Вообще, Влад был центром "кристаллизации" тайной информации. Как она будет полезна в будущем! Это он сделал дифференциальные микро энцифаллограммы, имеющие уникальную ценность и это он получил магнитофонные записи одновременно при разных скоростях протяжки.

А Эдда боролась как тигрица за американский патент, вдохновляла Влада на бесконечную изобретательность. Доставала в Америке нужные приборы и детали к ним.

Но без смелости профессора не могло быть и речи обо всех экспериментах. Он удивлял молодых своим подвижничеством и пониманием ситуации в целом. Он бывал там, где никто не отважился быть в таинственном и далёком «вчера».      

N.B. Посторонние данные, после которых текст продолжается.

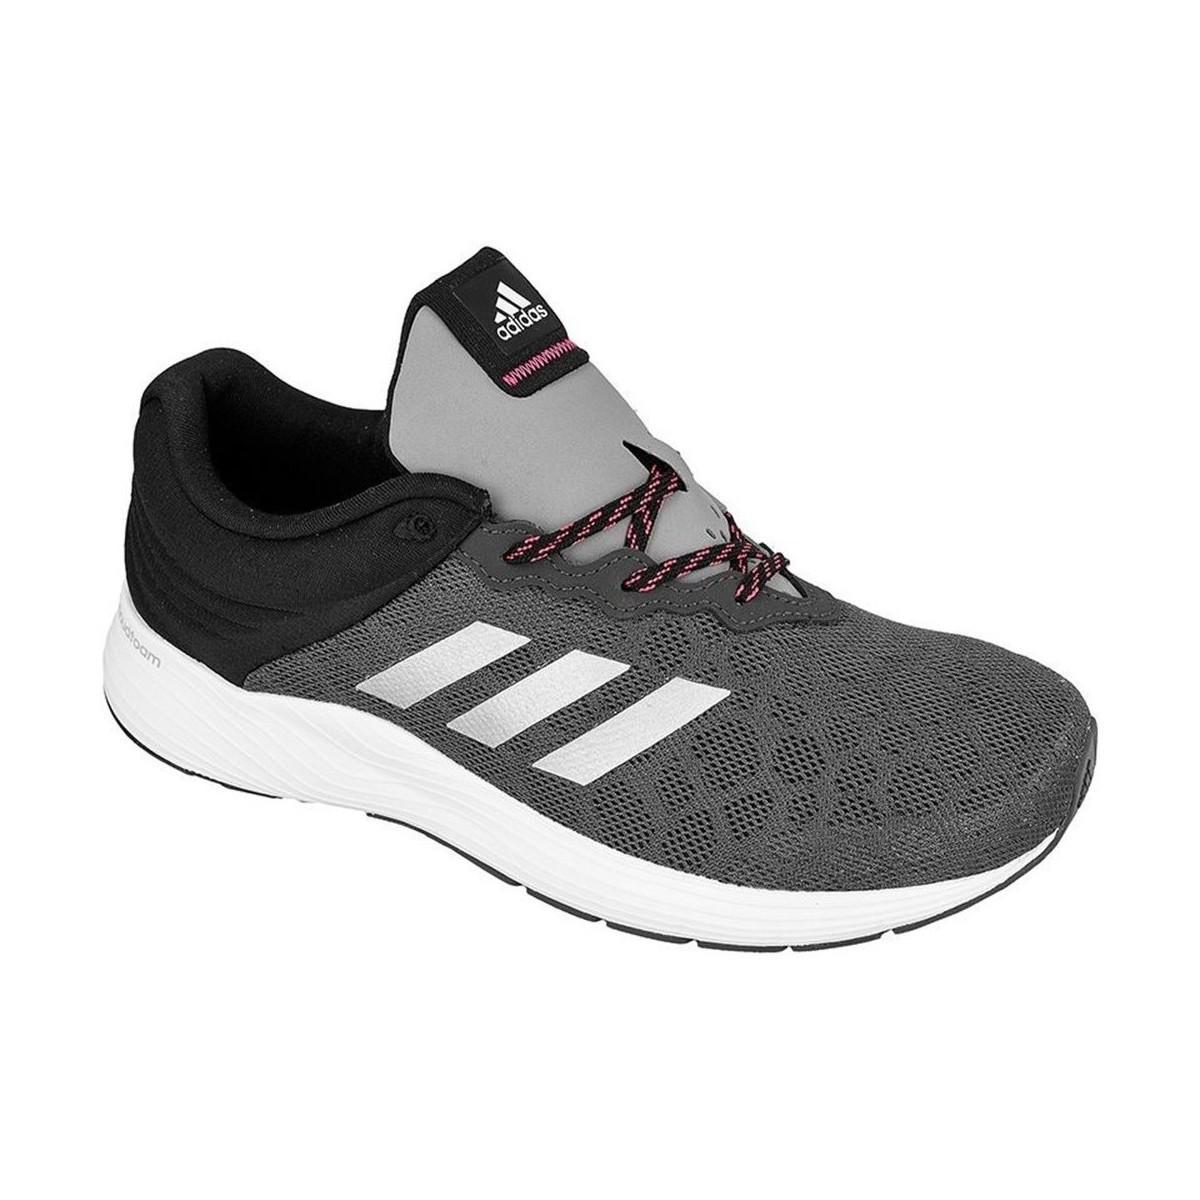 best sneakers 988d0 277f8 adidas Fluid Cloud W Womens Running Trainers In Black in Bla

Дела у Эдды шли всё лучше и лучше, и она первая через три месяца должна была получить патент в области физиологии и медицины. А Владу попались рецензенты великие зануды. В России – не подмажешь, не поедешь. Практически очевидная чистота патента обросла многочисленными крючками. В одно время Влад даже решил получать патент в Чехии (у него был знакомый патентовед из Чехии). Но и там возникли трудности, связанные с отсутствием в патенте ни одной чешской фамилии. Посоветовавшись с коллегами, решили идти напролом.